Among the lines below, restate word for word only those from the line with "Eva Ruth Wemme, Anke" through the line with "空飛ぶタクシー「eVTOL」2025年にも実用化へ", with both end lines kept.

-- Working data follows --

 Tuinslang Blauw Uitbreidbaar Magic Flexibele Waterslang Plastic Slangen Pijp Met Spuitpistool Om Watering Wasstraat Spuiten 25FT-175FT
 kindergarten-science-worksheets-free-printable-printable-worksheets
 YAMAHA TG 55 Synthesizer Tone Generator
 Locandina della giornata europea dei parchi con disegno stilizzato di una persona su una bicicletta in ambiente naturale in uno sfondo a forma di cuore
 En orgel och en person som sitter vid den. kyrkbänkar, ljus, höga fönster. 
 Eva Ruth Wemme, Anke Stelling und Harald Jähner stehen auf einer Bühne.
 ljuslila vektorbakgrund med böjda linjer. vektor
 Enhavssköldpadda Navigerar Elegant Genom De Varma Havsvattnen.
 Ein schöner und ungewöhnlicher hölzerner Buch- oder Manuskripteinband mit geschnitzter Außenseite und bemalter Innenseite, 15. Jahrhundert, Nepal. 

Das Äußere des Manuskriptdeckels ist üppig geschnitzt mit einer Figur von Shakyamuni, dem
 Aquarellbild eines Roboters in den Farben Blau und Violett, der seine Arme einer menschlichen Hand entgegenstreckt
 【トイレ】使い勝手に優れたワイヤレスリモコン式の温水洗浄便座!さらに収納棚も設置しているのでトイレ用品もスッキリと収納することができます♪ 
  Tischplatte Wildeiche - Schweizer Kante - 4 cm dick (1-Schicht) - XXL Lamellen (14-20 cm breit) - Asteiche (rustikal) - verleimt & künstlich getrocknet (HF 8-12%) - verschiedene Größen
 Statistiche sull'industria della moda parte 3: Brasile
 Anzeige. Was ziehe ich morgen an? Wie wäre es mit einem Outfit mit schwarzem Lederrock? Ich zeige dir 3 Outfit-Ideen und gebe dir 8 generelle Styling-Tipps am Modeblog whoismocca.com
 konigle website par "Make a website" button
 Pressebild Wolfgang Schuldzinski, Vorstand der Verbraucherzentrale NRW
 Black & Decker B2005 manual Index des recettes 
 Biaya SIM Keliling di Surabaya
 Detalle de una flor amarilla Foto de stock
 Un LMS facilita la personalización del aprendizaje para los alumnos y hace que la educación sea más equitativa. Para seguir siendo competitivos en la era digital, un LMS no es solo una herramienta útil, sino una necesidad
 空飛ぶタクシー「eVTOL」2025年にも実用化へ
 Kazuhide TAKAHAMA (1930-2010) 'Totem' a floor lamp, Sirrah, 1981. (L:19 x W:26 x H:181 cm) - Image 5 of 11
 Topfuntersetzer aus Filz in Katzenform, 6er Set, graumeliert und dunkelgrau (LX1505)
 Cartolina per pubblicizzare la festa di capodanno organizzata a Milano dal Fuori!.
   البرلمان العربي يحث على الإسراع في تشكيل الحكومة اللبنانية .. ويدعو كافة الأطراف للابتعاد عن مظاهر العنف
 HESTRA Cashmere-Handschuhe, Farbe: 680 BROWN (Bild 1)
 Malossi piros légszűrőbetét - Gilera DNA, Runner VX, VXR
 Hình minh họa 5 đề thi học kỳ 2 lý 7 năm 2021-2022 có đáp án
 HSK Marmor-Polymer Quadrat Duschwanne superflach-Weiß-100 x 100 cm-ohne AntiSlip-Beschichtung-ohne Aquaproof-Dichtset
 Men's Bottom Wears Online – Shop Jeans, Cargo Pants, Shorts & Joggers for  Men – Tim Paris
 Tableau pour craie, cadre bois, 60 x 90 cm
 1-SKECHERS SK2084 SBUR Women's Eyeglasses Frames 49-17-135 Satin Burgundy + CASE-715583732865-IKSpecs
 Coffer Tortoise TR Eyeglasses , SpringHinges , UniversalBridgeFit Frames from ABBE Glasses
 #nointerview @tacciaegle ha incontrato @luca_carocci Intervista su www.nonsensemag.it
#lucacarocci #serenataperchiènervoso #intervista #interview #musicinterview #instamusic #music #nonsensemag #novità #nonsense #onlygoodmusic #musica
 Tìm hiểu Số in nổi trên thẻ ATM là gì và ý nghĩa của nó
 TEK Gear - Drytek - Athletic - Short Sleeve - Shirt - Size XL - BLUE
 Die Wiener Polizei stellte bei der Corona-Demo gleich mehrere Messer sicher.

-- Working data concluded --

#### [Result of the task]
 Eva Ruth Wemme, Anke Stelling und Harald Jähner stehen auf einer Bühne.
 ljuslila vektorbakgrund med böjda linjer. vektor
 Enhavssköldpadda Navigerar Elegant Genom De Varma Havsvattnen.
 Ein schöner und ungewöhnlicher hölzerner Buch- oder Manuskripteinband mit geschnitzter Außenseite und bemalter Innenseite, 15. Jahrhundert, Nepal. 

Das Äußere des Manuskriptdeckels ist üppig geschnitzt mit einer Figur von Shakyamuni, dem
 Aquarellbild eines Roboters in den Farben Blau und Violett, der seine Arme einer menschlichen Hand entgegenstreckt
 【トイレ】使い勝手に優れたワイヤレスリモコン式の温水洗浄便座!さらに収納棚も設置しているのでトイレ用品もスッキリと収納することができます♪ 
  Tischplatte Wildeiche - Schweizer Kante - 4 cm dick (1-Schicht) - XXL Lamellen (14-20 cm breit) - Asteiche (rustikal) - verleimt & künstlich getrocknet (HF 8-12%) - verschiedene Größen
 Statistiche sull'industria della moda parte 3: Brasile
 Anzeige. Was ziehe ich morgen an? Wie wäre es mit einem Outfit mit schwarzem Lederrock? Ich zeige dir 3 Outfit-Ideen und gebe dir 8 generelle Styling-Tipps am Modeblog whoismocca.com
 konigle website par "Make a website" button
 Pressebild Wolfgang Schuldzinski, Vorstand der Verbraucherzentrale NRW
 Black & Decker B2005 manual Index des recettes 
 Biaya SIM Keliling di Surabaya
 Detalle de una flor amarilla Foto de stock
 Un LMS facilita la personalización del aprendizaje para los alumnos y hace que la educación sea más equitativa. Para seguir siendo competitivos en la era digital, un LMS no es solo una herramienta útil, sino una necesidad
 空飛ぶタクシー「eVTOL」2025年にも実用化へ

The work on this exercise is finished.